Google’s latest artificial intelligence update, Gemini 2.0, is capable of thinking and acting on your behalf, under your supervision.
With its sophisticated reasoning and extensive context capabilities, Deep Research—which is included with Gemini 2.0—can serve as a research assistant by delving into intricate subjects and creating reports for users. On Wednesday, it will be accessible in Gemini Advanced.
According to Sundar Pichai, Google’s and Alphabet’s chief executive officer, the tech giant has been investing in developing more agentic models over the past year. These models can understand more about the world around a user, think multiple steps ahead, and act on the user’s behalf with their supervision.
Google’s newly unveiled models, built for the agentic era, are primed to become universal assistants. “Introducing Gemini 2.0, our most capable model yet. With new advances in multimodality — like native image and audio output — and native tool use, it will enable us to build new AI agents that bring us closer to our vision of a universal assistant,” said Pichai.
Google noted that AI has transformed Search, and its AI Overviews now reach 1 billion people. It pointed out that it is bringing the advanced reasoning capabilities of Gemini 2.0 to AI Overviews to tackle more complex topics and multi-step questions, including advanced math equations, multimodal queries, and coding.
“If Gemini 1.0 was about organizing and understanding information, Gemini 2.0 is about making it much more useful,” added Pichai.
Gemini 2.0 Flash
Gemini 2.0 Flash builds on the success of 1.5 Flash, our most popular model yet for developers, with enhanced performance at similarly fast response times. Notably, 2.0 Flash even outperforms 1.5 Pro on key benchmarks, at twice the speed. 2.0 Flash also comes with new capabilities. In addition to supporting multimodal inputs like images, video and audio, 2.0 Flash now supports multimodal output like natively generated images mixed with text and steerable text-to-speech (TTS) multilingual audio. It can also natively call tools like Google Search, code execution as well as third-party user-defined functions.

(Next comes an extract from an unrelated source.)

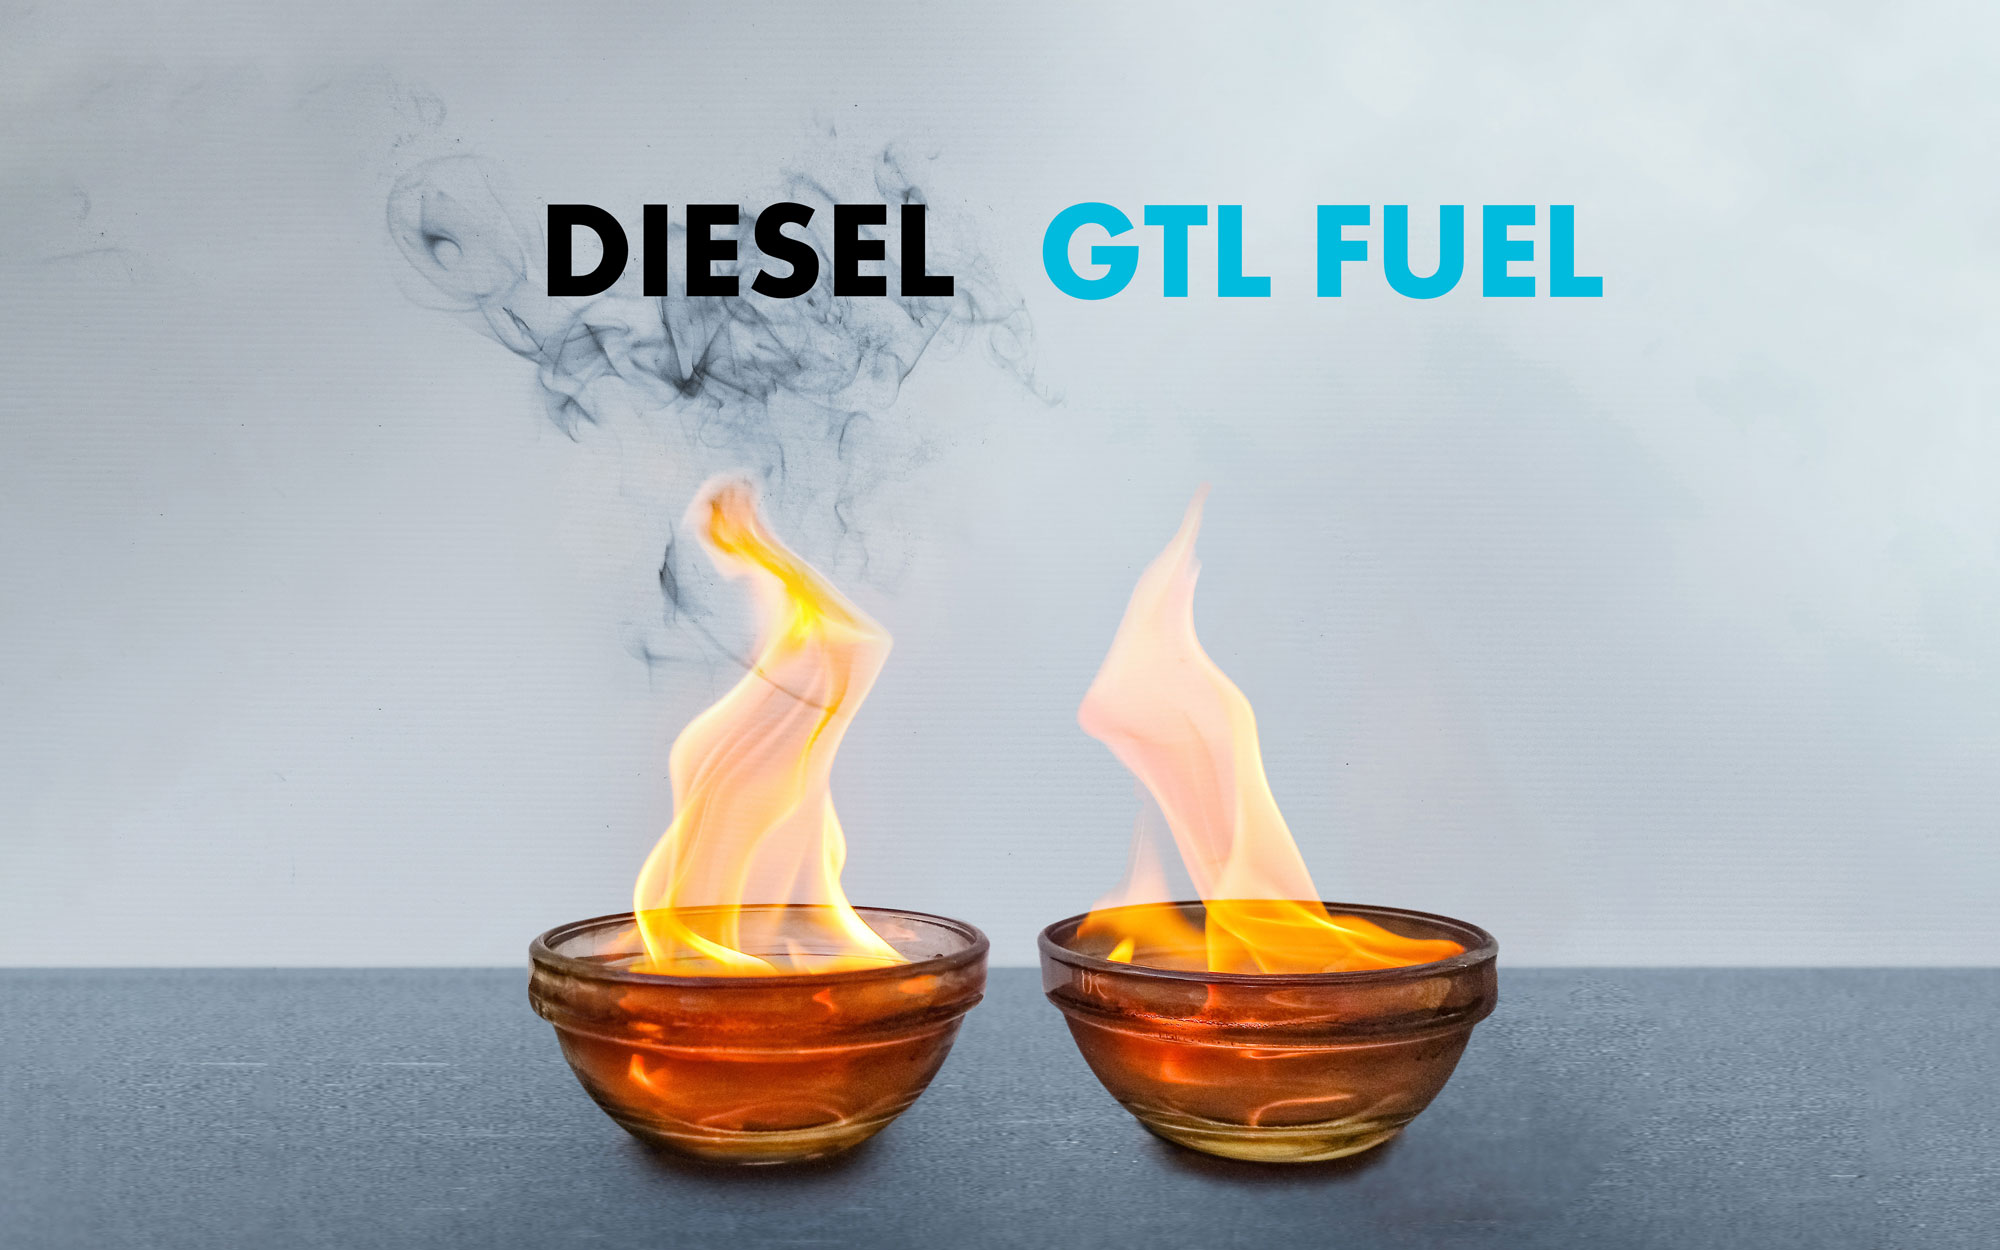  Schadstoffarme Verbrennung im Vergleich zu Diesel:GTL Fuel verbrennt mit bedeutend weniger Rauch, Feinstaub, Stickoxiden. Daneben schont GTL die Motoren. 
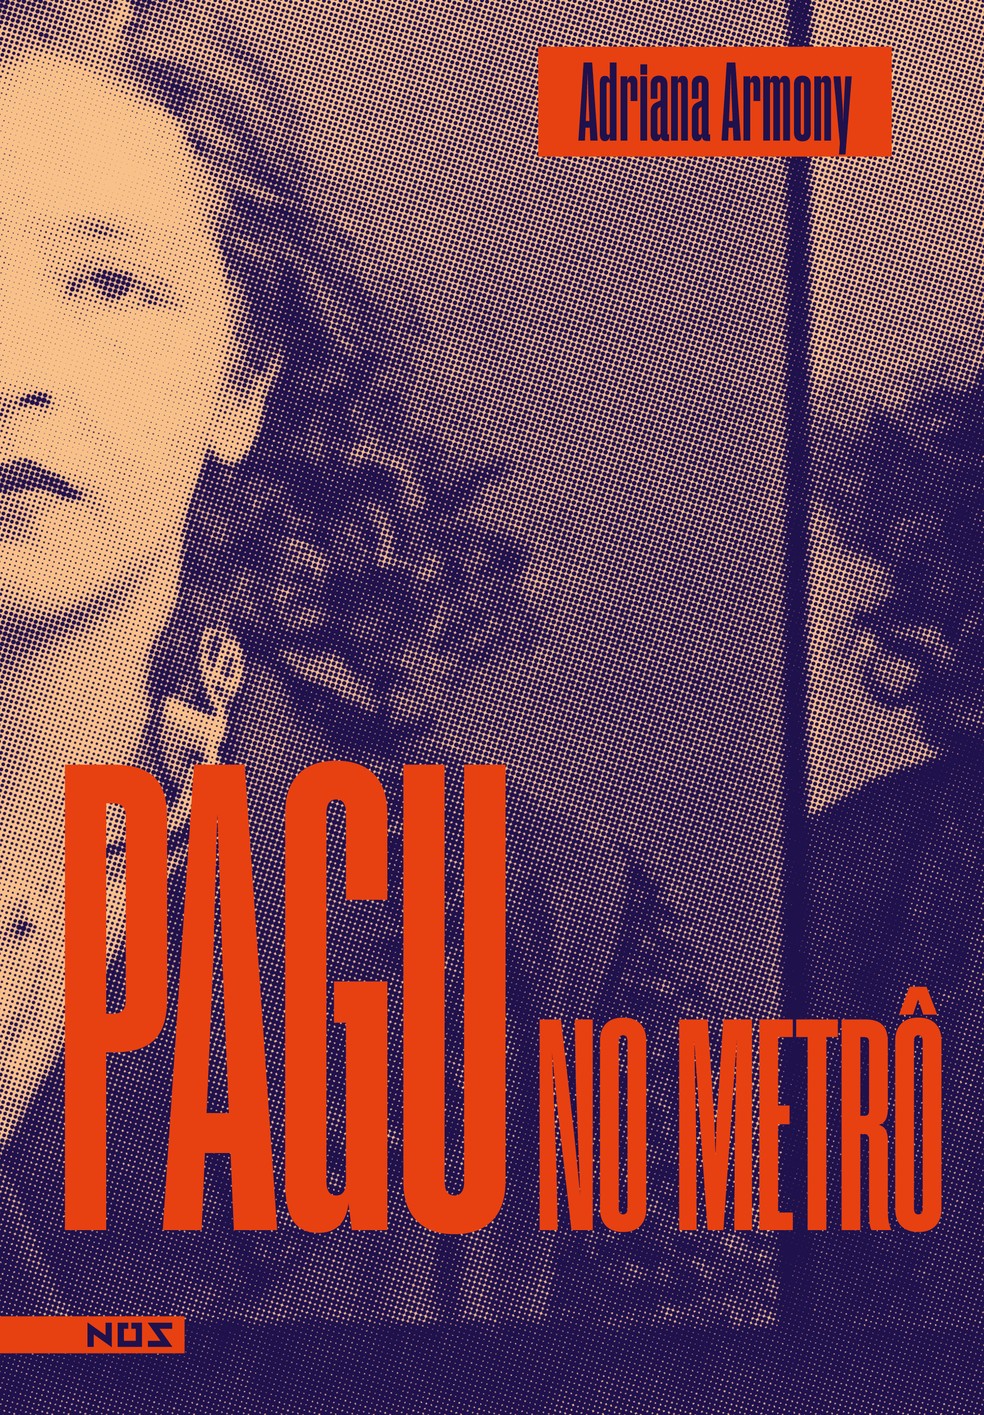 Capa de "Pagu no metrô", livro da escritora Adriana Armony publicado pela Nós — Foto: Reprodução

Gemini 2.0 Flash is available now as an experimental model to developers via the Gemini API in Google AI Studio and Vertex AI with multimodal input and text output available to all developers, and text-to-speech and native image generation available to early-access partners. General availability will follow in January, along with more model sizes.
To help developers build dynamic and interactive applications, we’re also releasing a new Multimodal Live API that has real-time audio, video-streaming input and the ability to use multiple, combined tools. More information about 2.0 Flash and the Multimodal Live API can be found in our developer blog.
Gemini 2.0 available in Gemini app, our AI assistant
Also starting today, Gemini users globally can access a chat optimized version of 2.0 Flash experimental by selecting it in the model drop-down on desktop and mobile web and it will be available in the Gemini mobile app soon. With this new model, users can experience an even more helpful Gemini assistant.
Unlocking agentic experiences with Gemini 2.0
Gemini 2.0 Flash’s native user interface action-capabilities, along with other improvements like multimodal reasoning, long context understanding, complex instruction following and planning, compositional function-calling, native tool use and improved latency, all work in concert to enable a new class of agentic experiences.
The practical application of AI agents is a research area full of exciting possibilities. We’re exploring this new frontier with a series of prototypes that can help people accomplish tasks and get things done. These include an update to Project Astra, our research prototype exploring future capabilities of a universal AI assistant; the new Project Mariner, which explores the future of human-agent interaction, starting with your browser; and Jules, an AI-powered code agent that can help developers.
The release of Gemini 2.0 comes after the introduction of Google’s Willow, a novel quantum technology that enhances artificial intelligence (AI) capabilities while drastically reducing errors.